[llvm] [AMDGPU] Implement LSR cost model for GFX9+ (PR #184138)

Wed Mar 4 02:19:56 PST 2026

================
@@ -1703,3 +1704,51 @@ GCNTTIImpl::getInstructionUniformity(const Value *V) const {
 
   return InstructionUniformity::Default;
 }
+
+InstructionCost GCNTTIImpl::getScalingFactorCost(Type *Ty, GlobalValue *BaseGV,
+                                                 StackOffset BaseOffset,
+                                                 bool HasBaseReg, int64_t Scale,
+                                                 unsigned AddrSpace) const {
+  if (HasBaseReg && Scale != 0) {
+    // gfx1250+ can fold base+scale*index into the instruction when scale
+    // equals the memory access size (scale_offset bit).
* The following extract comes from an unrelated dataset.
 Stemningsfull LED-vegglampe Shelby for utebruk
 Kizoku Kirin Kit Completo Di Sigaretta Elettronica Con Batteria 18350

This is supported
+    // for global/constant/flat/scratch but NOT for LDS or GDS.
+    // GDS does not exist on gfx1250+, but we exclude REGION_ADDRESS for
+    // correctness since the address space is still representable in IR.
+    if (getST()->hasScaleOffset() && Ty && Ty->isSized() &&
+        AddrSpace != AMDGPUAS::LOCAL_ADDRESS &&
+        AddrSpace != AMDGPUAS::REGION_ADDRESS) {
+      TypeSize StoreSize = getDataLayout().getTypeStoreSize(Ty);
+      if (!StoreSize.isScalable() &&
----------------
arsenm wrote:

It still needs to not crash on a scaleable vector 

https://github.com/llvm/llvm-project/pull/184138